The island became a major munitions depot. Germany sent agents to the U.S. to sabotage production and shipping of munitions. Two German agents had obtained jobs as guards at the depot. About two million pounds of explosives and ammunition was stored there in barges and warehouses at the time of the attack.

The first and largest of the explosions happened at 2:08 AM on 30 July 1916. The explosion caused shaking equivalent to an earthquake between 5.0 and 5.5 on the Richter scale and awakened people as far away as Pennsylvania and Maryland. It threw fragments over a mile, damaging the Statue of Liberty and The Jersey Journal building's clock tower. The shock wave cracked the outer wall of City Hall in Jersey City and broke windows up to 25 miles away, including thousands in Lower Manhattan.

Further landfill has made the former island part of the mainland.

Galleani Anarchist Bombing Spree, April-June 1919

Luigi Galleani was an Italian anarchist active as an anarcho-communist and insurrectionary anarchist in the U.S. from 1901 to 1919. He advocated the "propaganda of the deed", violence to kill those he saw as "tyrants" and "oppressors" and lead to the overthrow of government institutions. His followers, the Galleanisti, carried out a series of assassination attempts and bomb attacks against persons and institutions they saw as "class enemies".

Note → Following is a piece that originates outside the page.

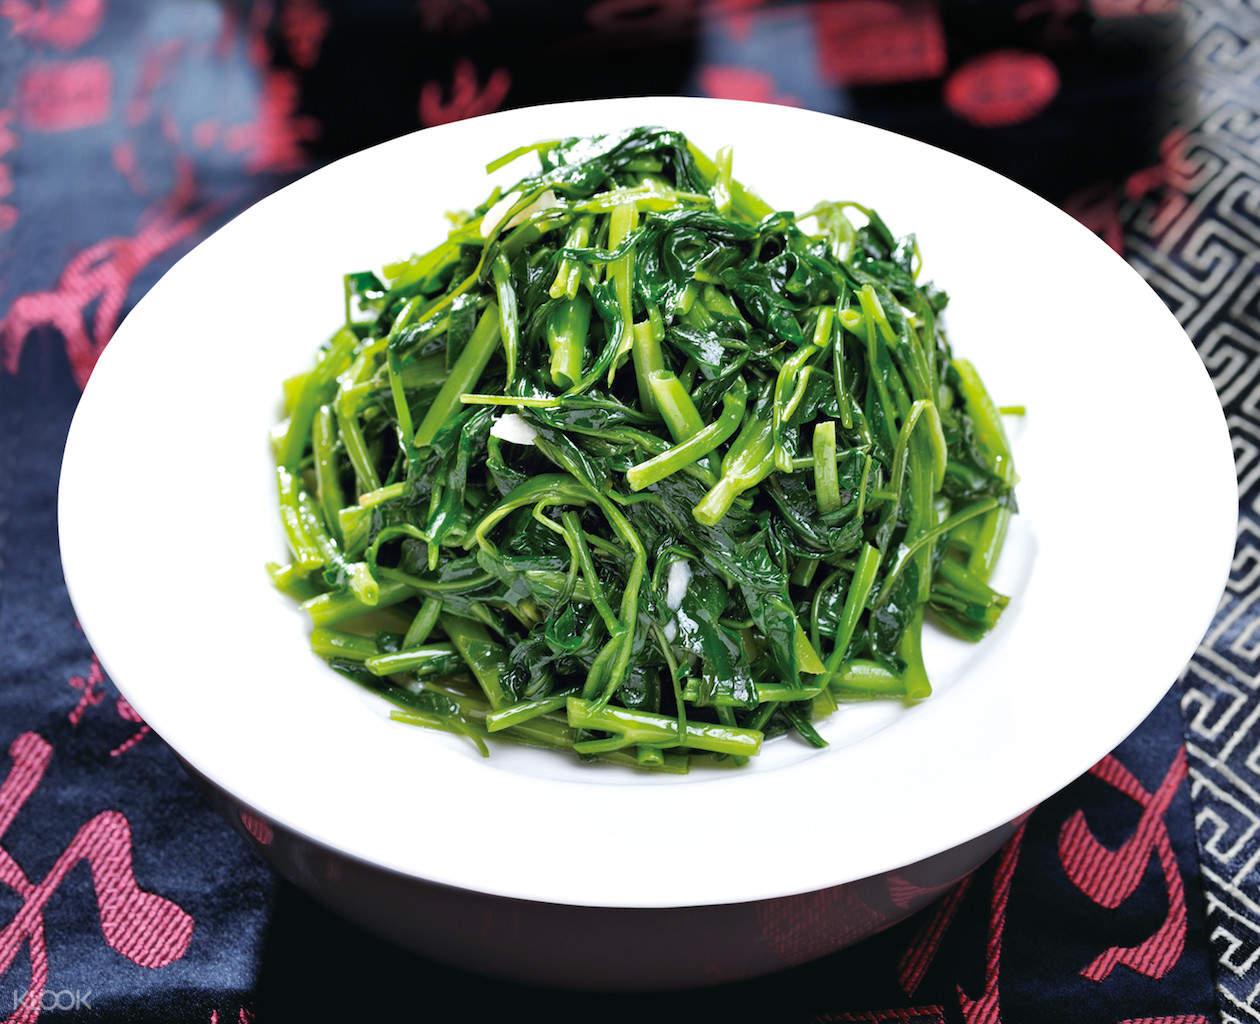 Stir-fried Vegetables at Din Tai Fung at Taipei 101

The Galleanisti bombing attacks began in 1914, with several bombings and attempted bombings in New York City at police stations, courthouses, and churches.

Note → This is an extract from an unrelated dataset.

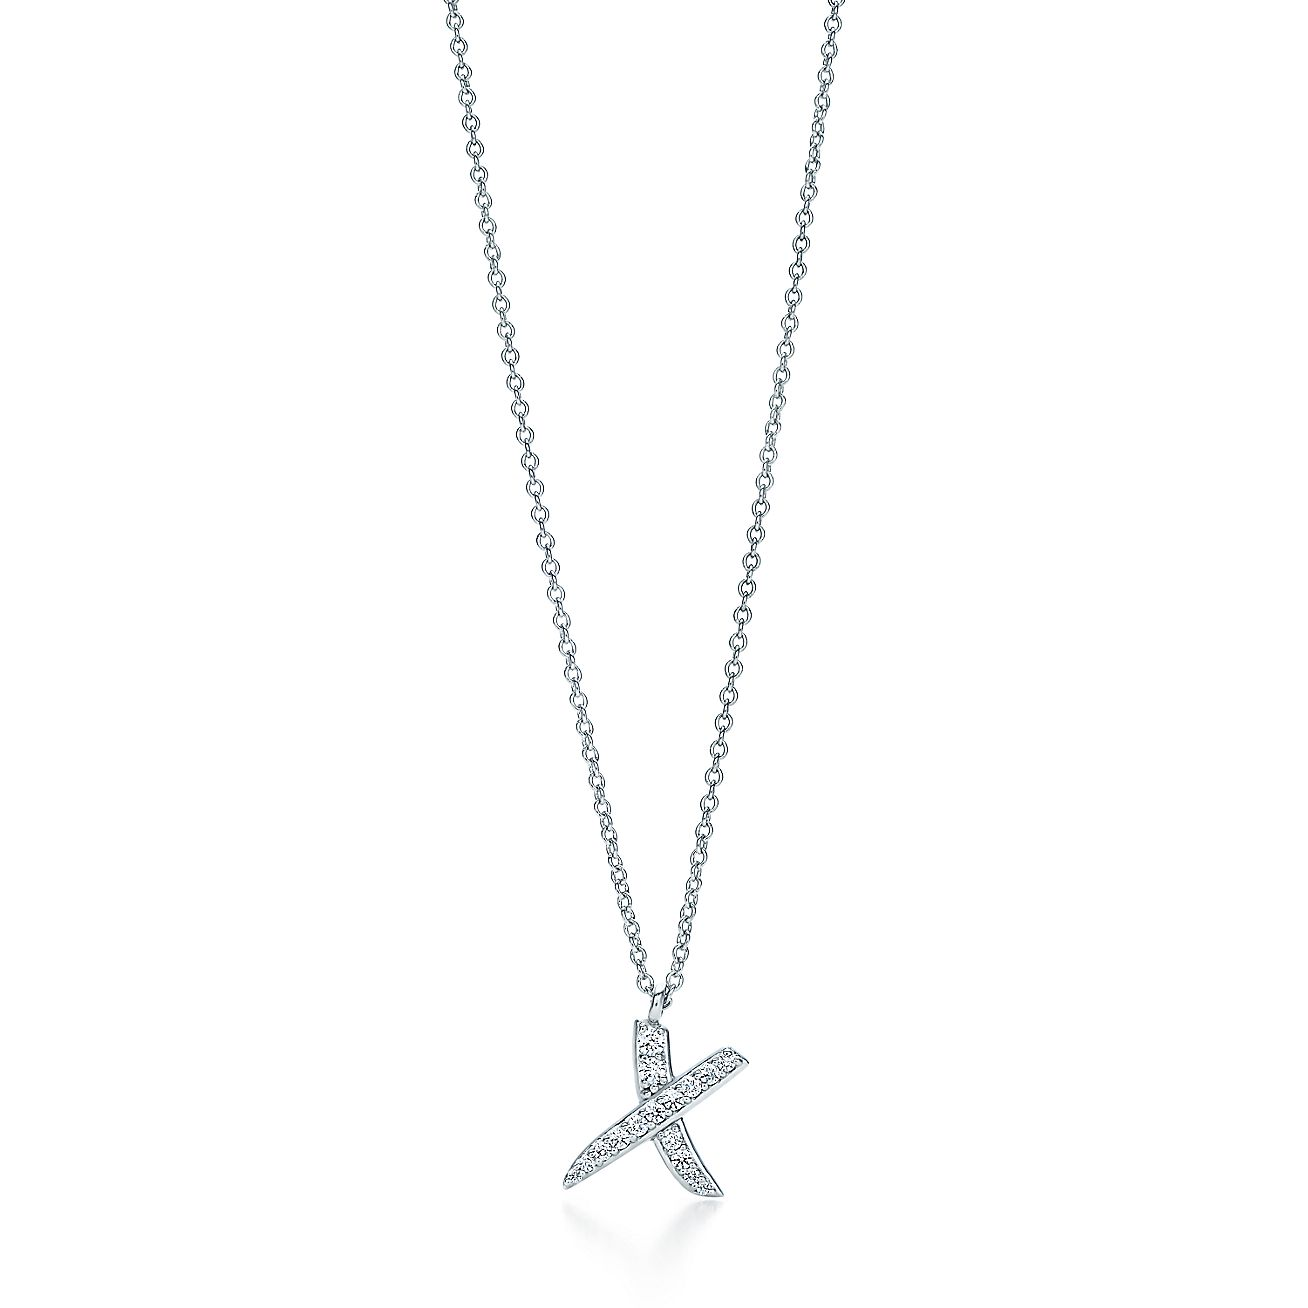 Paloma's X:Pendant

In 1916, a Galleanisti named Nestor Dondoglio worked as a chef in Chicago. He used arsenic to poison the soup served at a banquet to about 100 guests prominent in business, finance, and law. One of the guests happened to be a physician, who hastily prepared enough emetic to induce vomiting in all the guests. No one died, but you can imagine that it was an extremely unpleasant experience for all involved. Dondoglio fled to the East Coast under the alias Jean Crones and was hidden by other Galleanisti until his death in 1932.

In December 1916, Galleanisti in Boston stabbed a police officer during a riot, then exploded a bomb at a police station the following day.

In early 1917 Galleani advised his followers to relocate Mexico to avoid the military draft. Anarchist bombings largely stopped until they started returning later that year.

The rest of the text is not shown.